Rinciannya sebagai berikut:
| Jenis kewajiban | Tunggakan | Selesai |
|---|---|---|
| Nafkah anak | 4.701 perkara | 1.513 perkara |
| Nafkah iddah | 5.161 perkara | 2.085 perkara |
| Nafkah mut’ah | 6.665 perkara | 3.180 perkara |
Dari data itu, nafkah mut’ah menjadi kategori dengan jumlah tunggakan tertinggi di Surabaya. Sementara itu, total pengawasan yang masuk mencapai 10.959 data, dan 7.642 subjek di antaranya telah mendapat notifikasi bahwa layanan adminduk tidak dapat diberikan sampai tanggung jawab mereka selesai.
Perlindungan hak perempuan dan anak
Integrasi layanan ini menempatkan hak perempuan dan anak sebagai prioritas dalam pelayanan publik. Pemerintah kota ingin memastikan putusan pengadilan tidak berhenti sebagai dokumen hukum, tetapi benar-benar dijalankan dalam praktik administrasi.
Langkah tersebut juga memperlihatkan pemanfaatan data lintas instansi untuk meningkatkan kepatuhan warga terhadap kewajiban hukum. Dengan sistem yang saling terhubung, proses pengawasan menjadi lebih cepat dan peluang menghindari kewajiban pascaperceraian bisa ditekan.

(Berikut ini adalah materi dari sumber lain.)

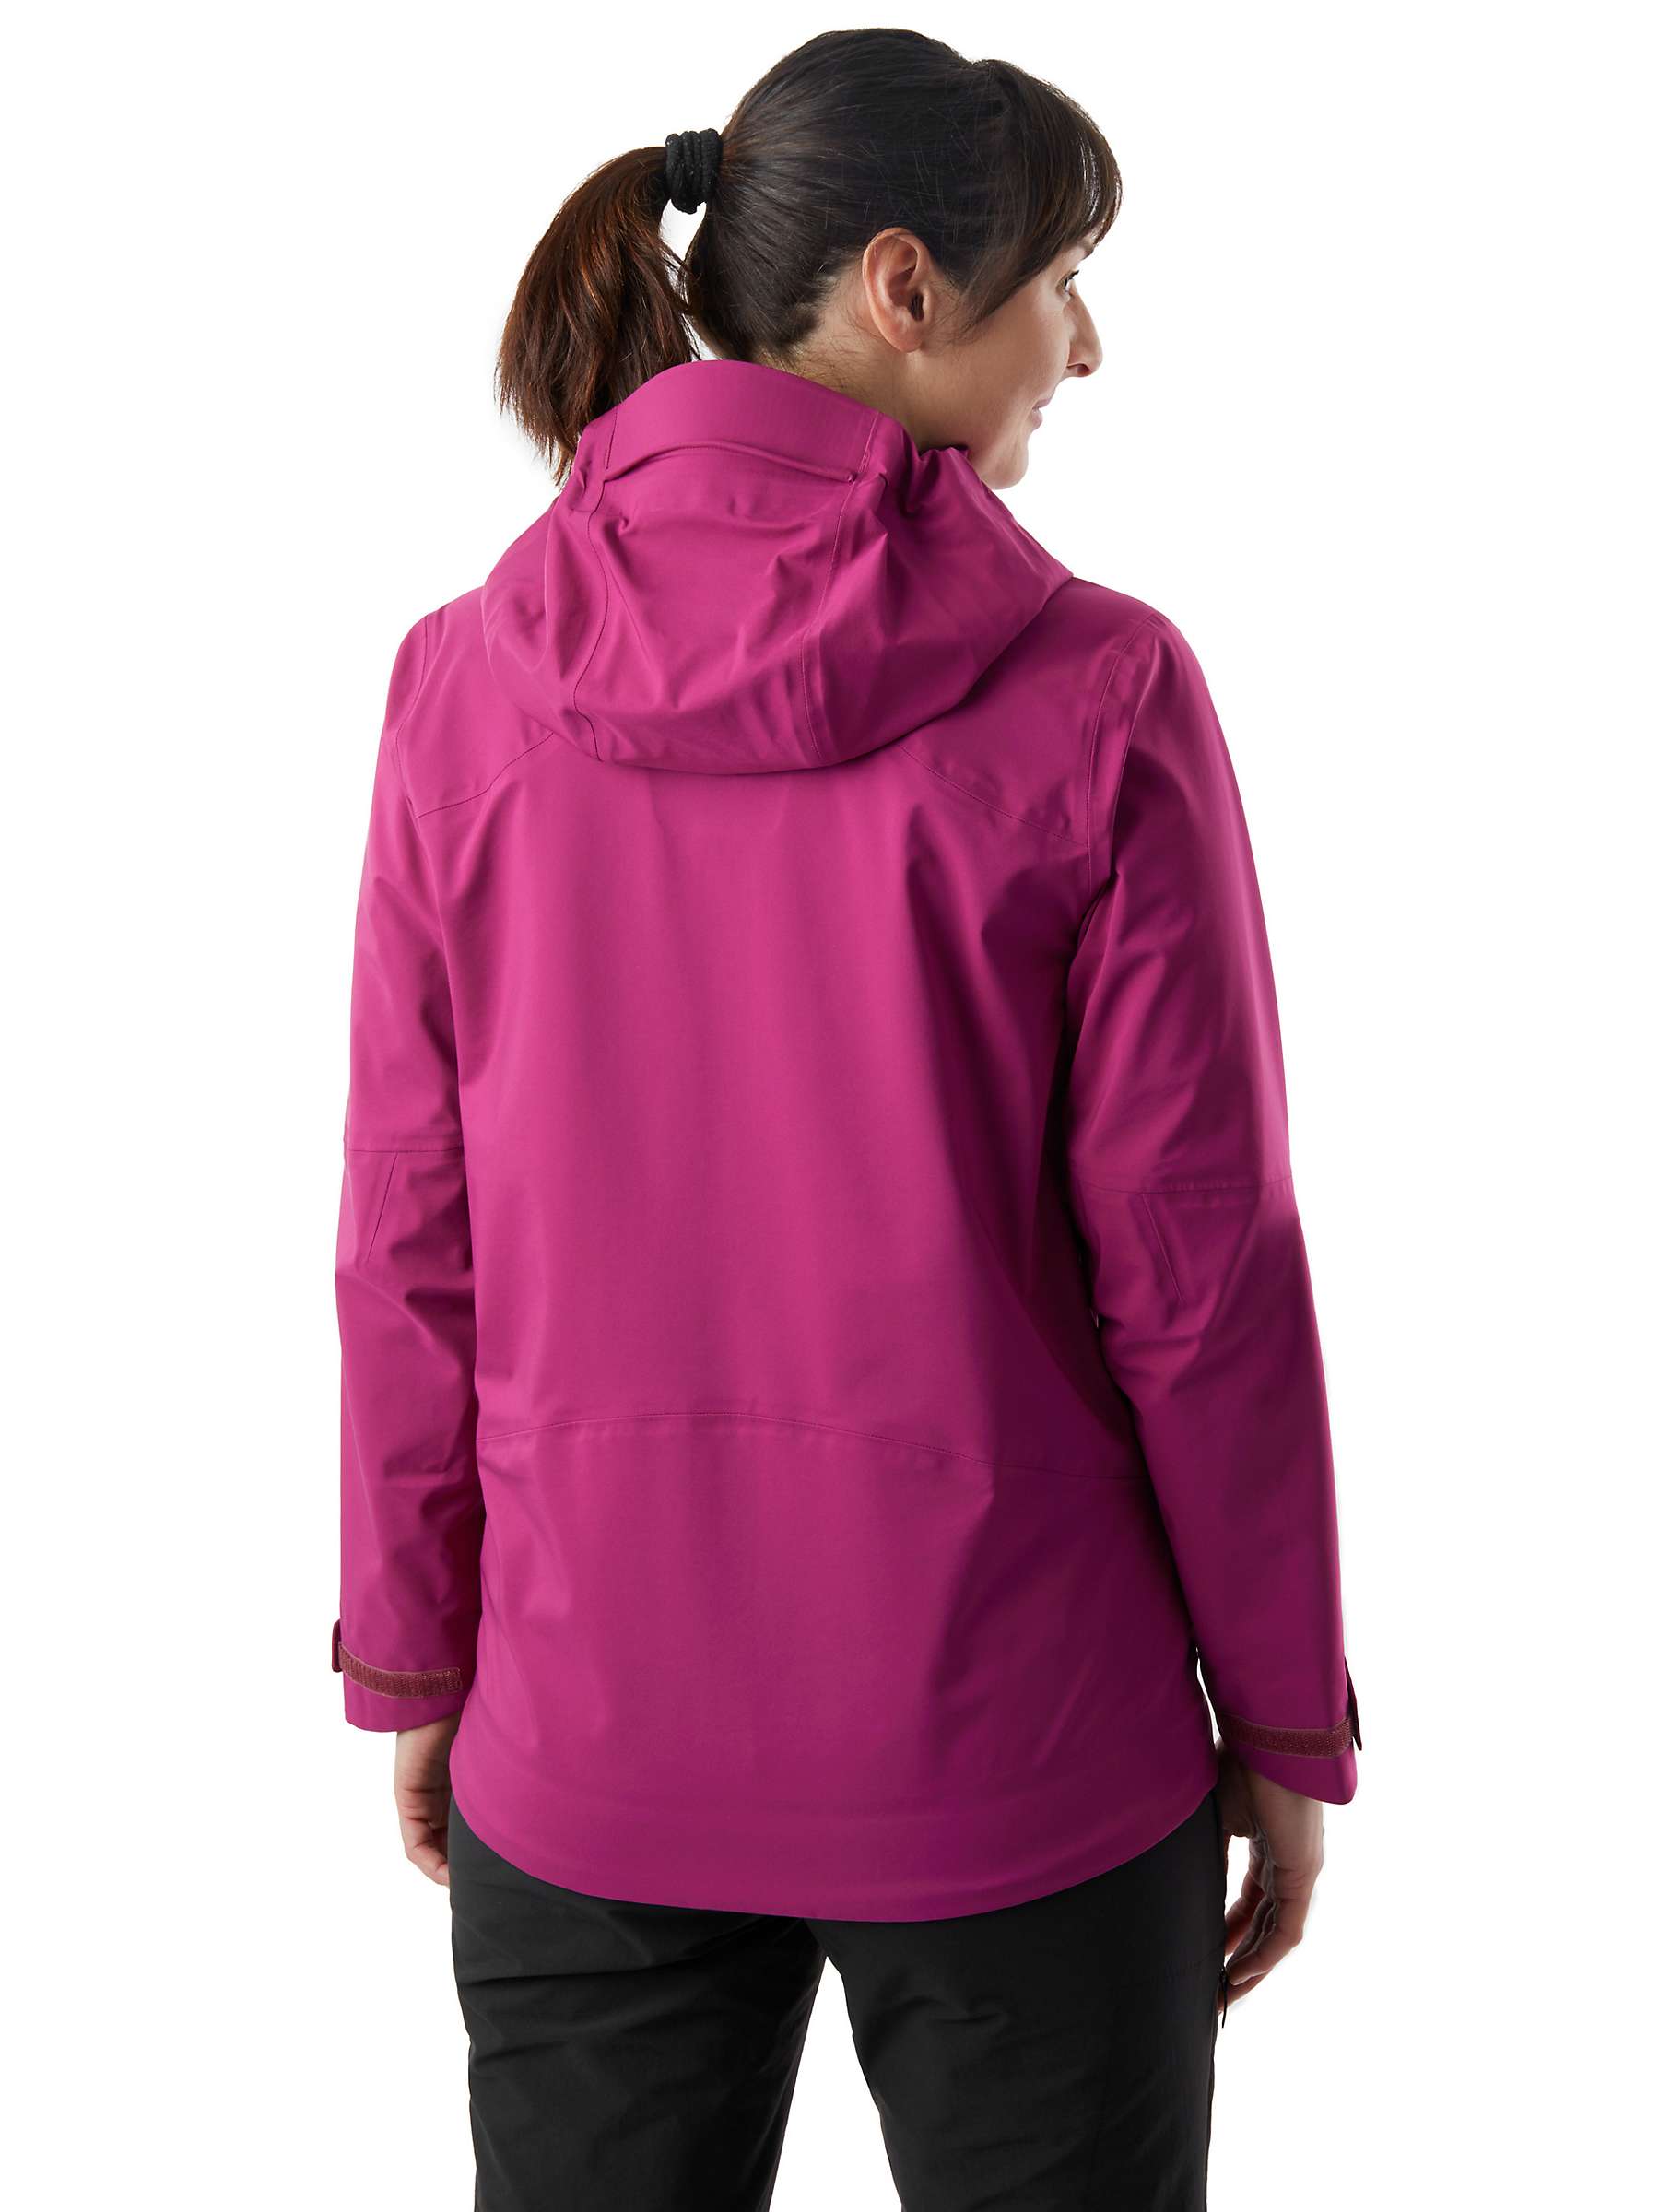 Buy Rohan Ventus Waterproof Jacket, Raspberry Pink Online at johnlewis.com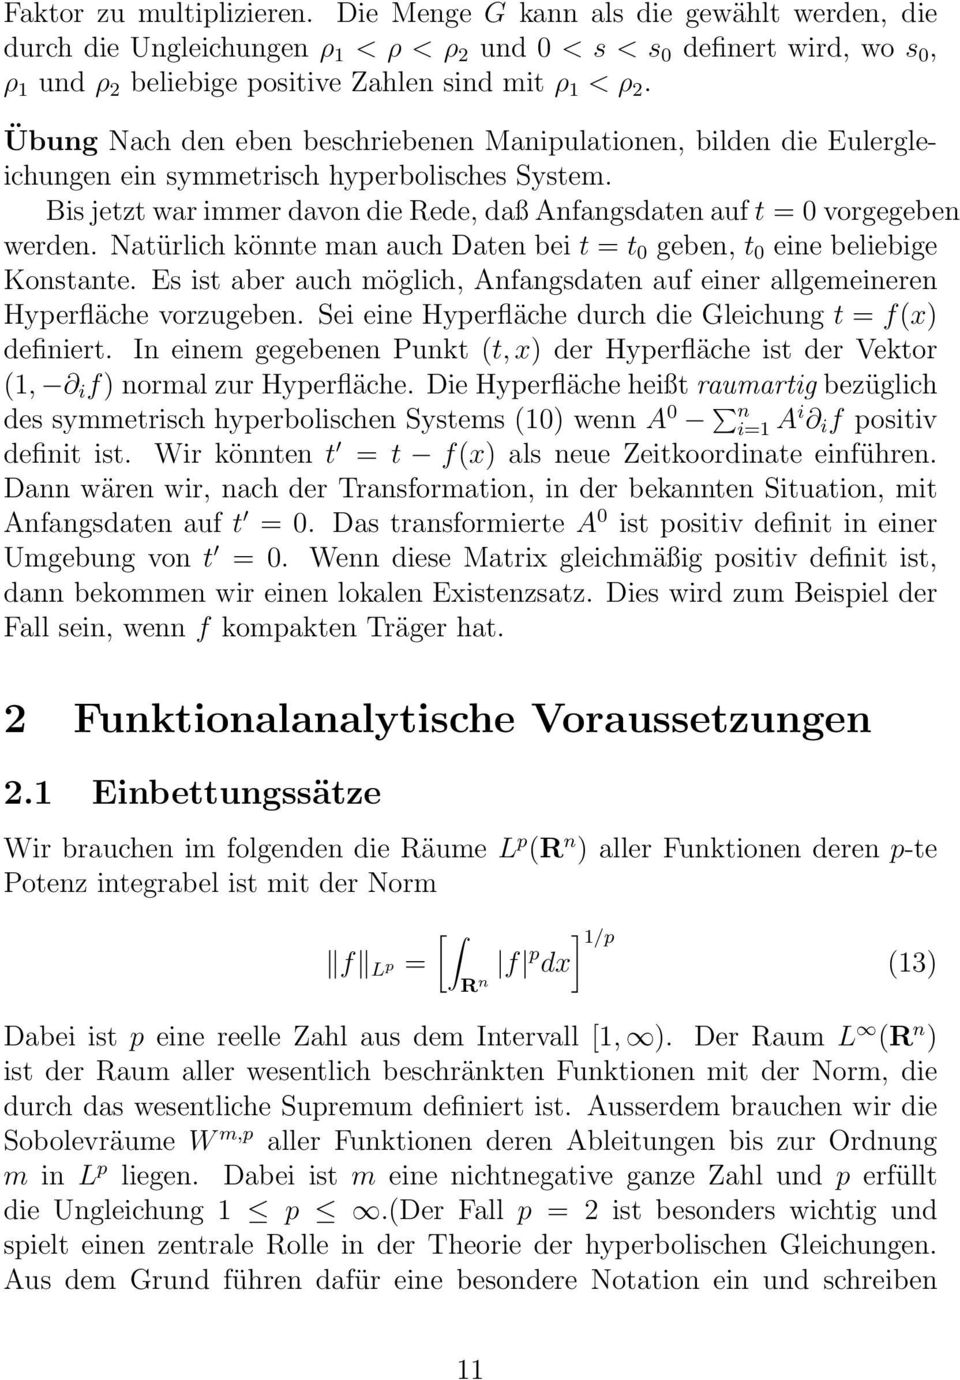 Übung Nach den eben beschriebenen Manipulationen, bilden die Eulergleichungen ein symmetrisch hyperbolisches System. Bis jetzt war immer davon die Rede, daß Anfangsdaten auf t = 0 vorgegeben werden.

Di sisi lain, kebijakan ini memberi sinyal bahwa layanan adminduk kini tidak hanya berfungsi sebagai layanan administratif. Pemkot Surabaya menjadikannya sebagai instrumen untuk mendorong pemenuhan hak-hak dasar perempuan dan anak yang terdampak perceraian, terutama ketika putusan nafkah belum dijalankan sepenuhnya.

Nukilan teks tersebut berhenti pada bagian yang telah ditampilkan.